Mexico's long awaited tax reform bill - which proposes a minimum tax on business and aims to boost tax revenues for the government - has finally passed Congress, but President Felipe Calderon had to give away some concessions in order to ensure that the key reform was enacted.
After Calderon agreed to reform of Mexico's electoral laws - a matter that had been holding up passage of the reforms - Congress on Friday approved the tax package, the central proposal of which is a minimum corporate tax.
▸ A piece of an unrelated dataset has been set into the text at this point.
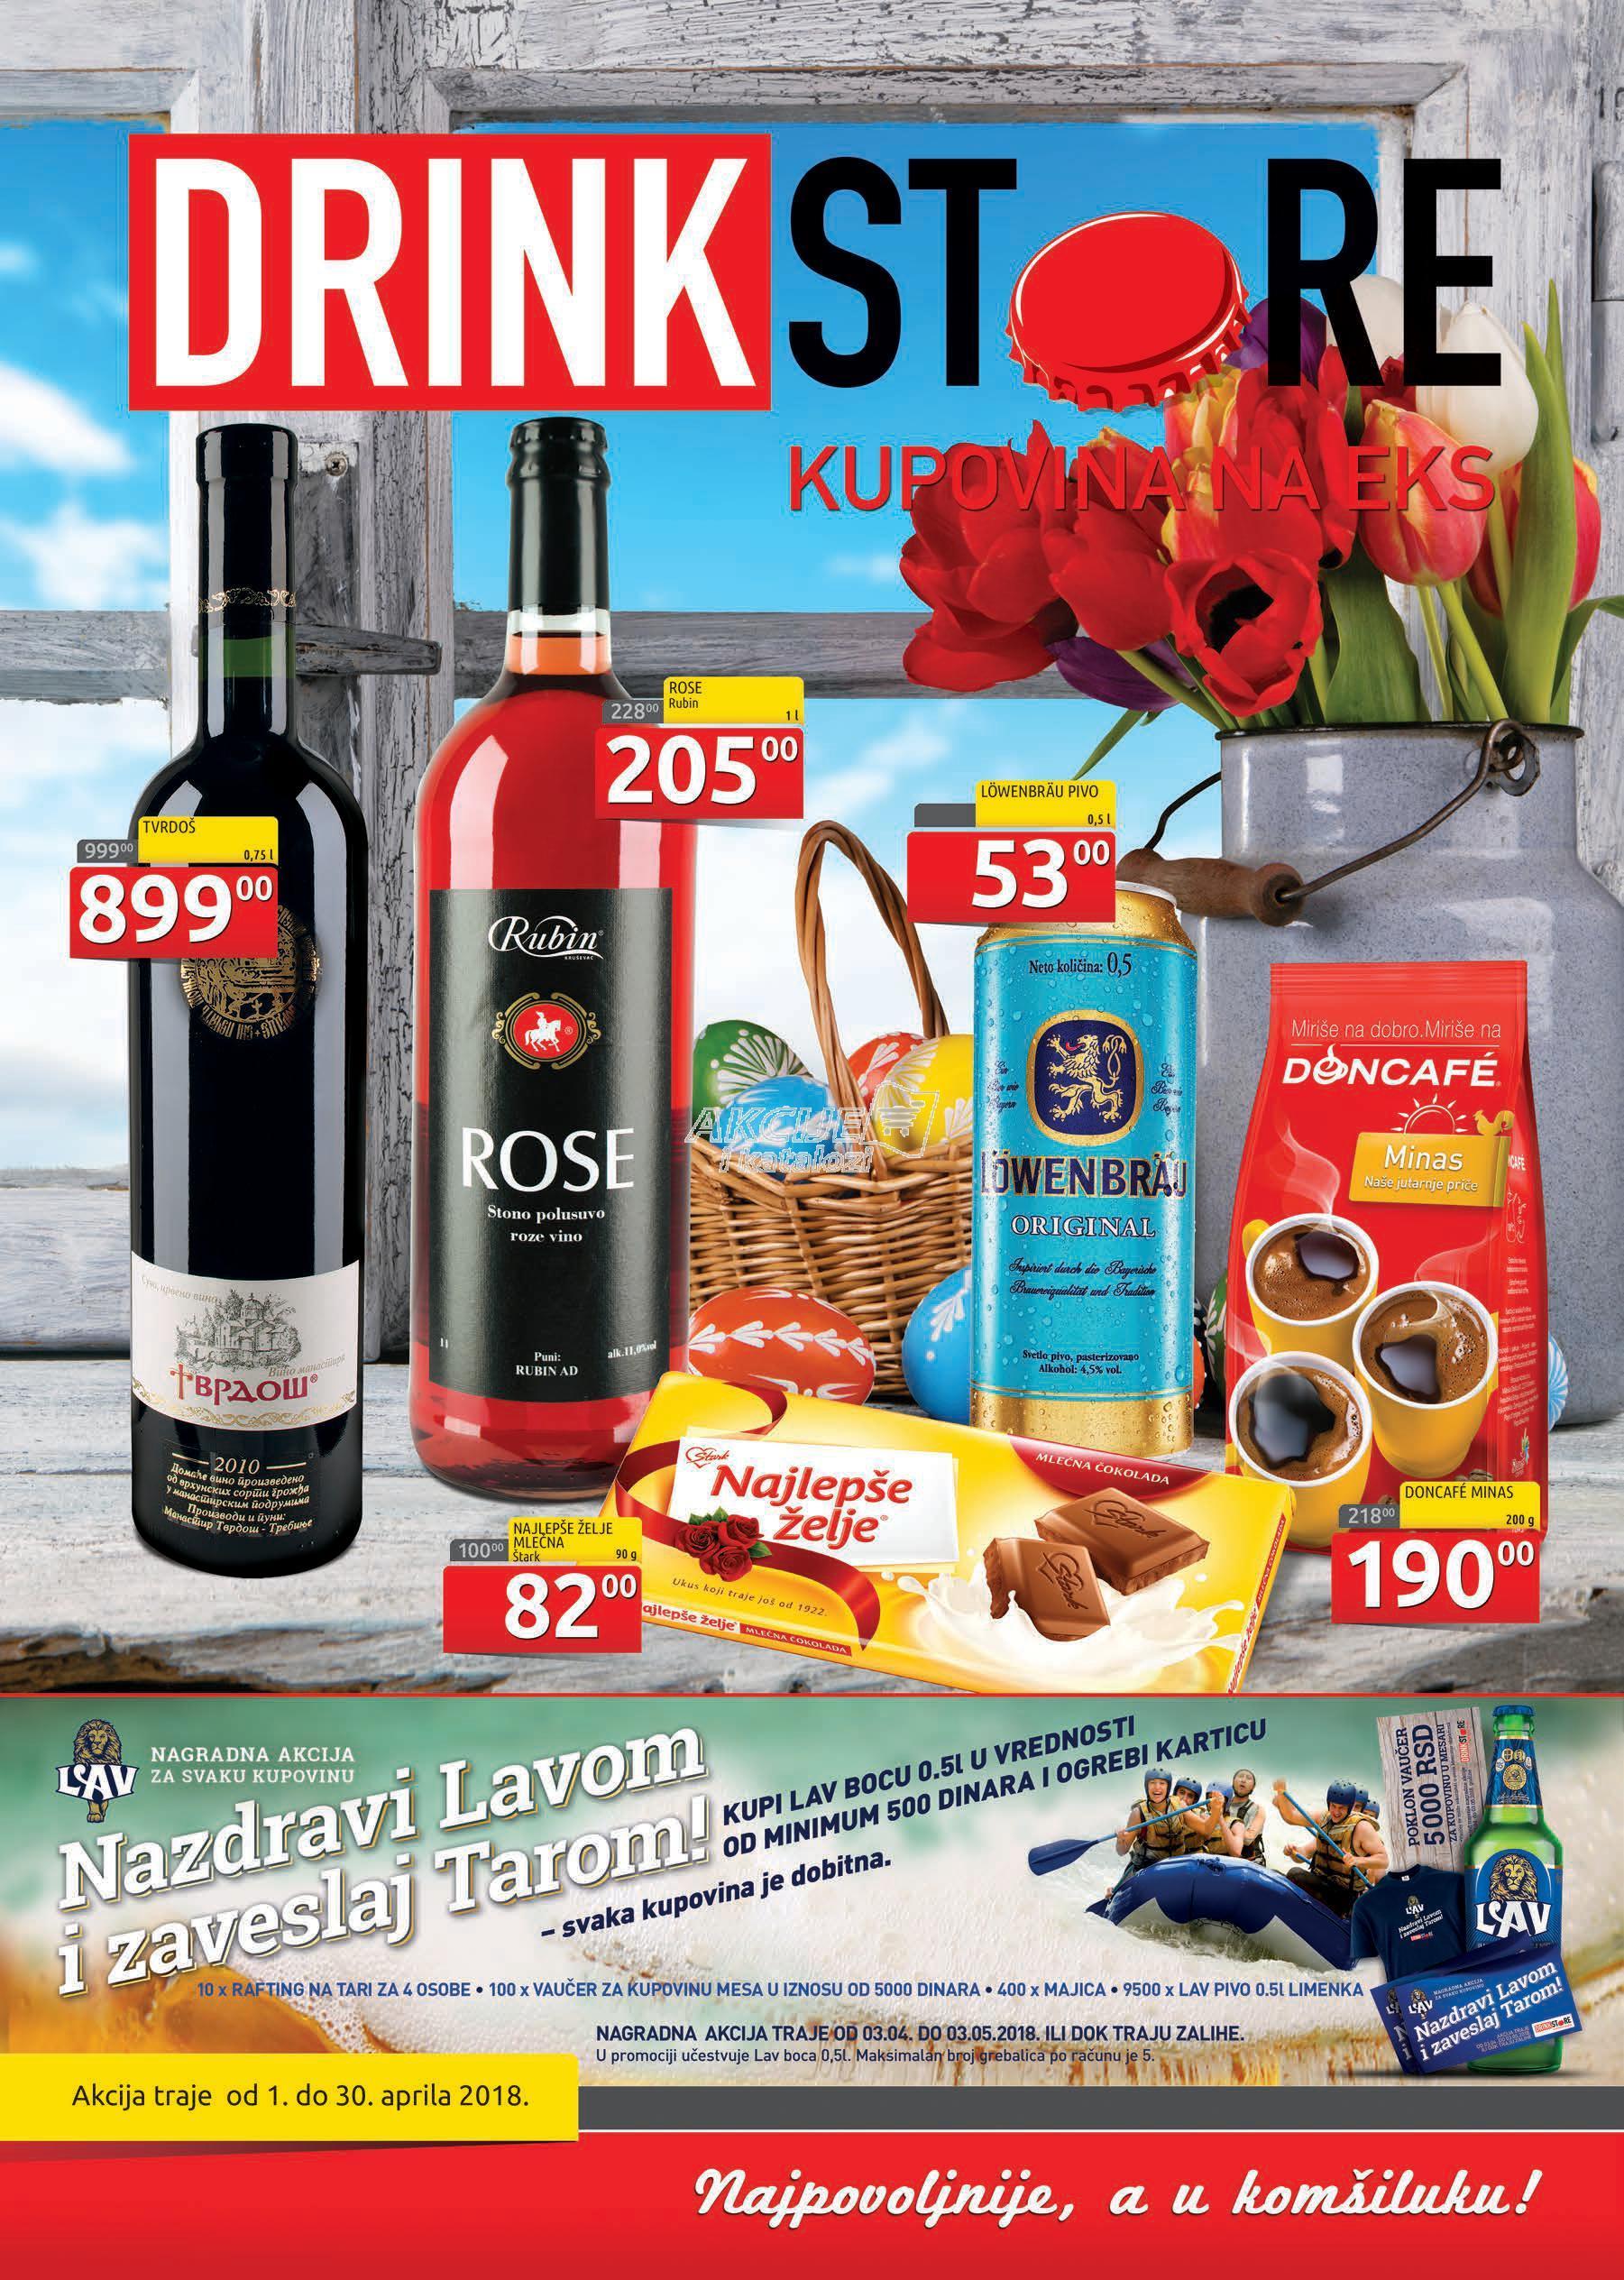 Drink Store akcija aprilske kupovine

Starting at a rate of 16.5% in 2008, this will rise to 17% in 2009 and 17.5% in 2010. This is lower than the 19% tax rate initially proposed by Calderon.
The tax package also includes a 2% monthly tax on bank accounts containing more than 25,000 pesos (US$2,250), refundable when account holders pay their federal income taxes, and removes tax exemptions on stock sales that involve a change of control of a company, or the sale of more than 10% of a company's stock in a 12-month period.
Calderon’s original tax proposal aimed to raise tax collection by 3% of gross domestic product, to about 14%, by the end of his term in 2012, but now the measures have been watered down somewhat, analysts expect tax revenues to increase by about 2.5% of GDP. At 10% of GDP, tax revenues in Mexico are among the lowest in the region.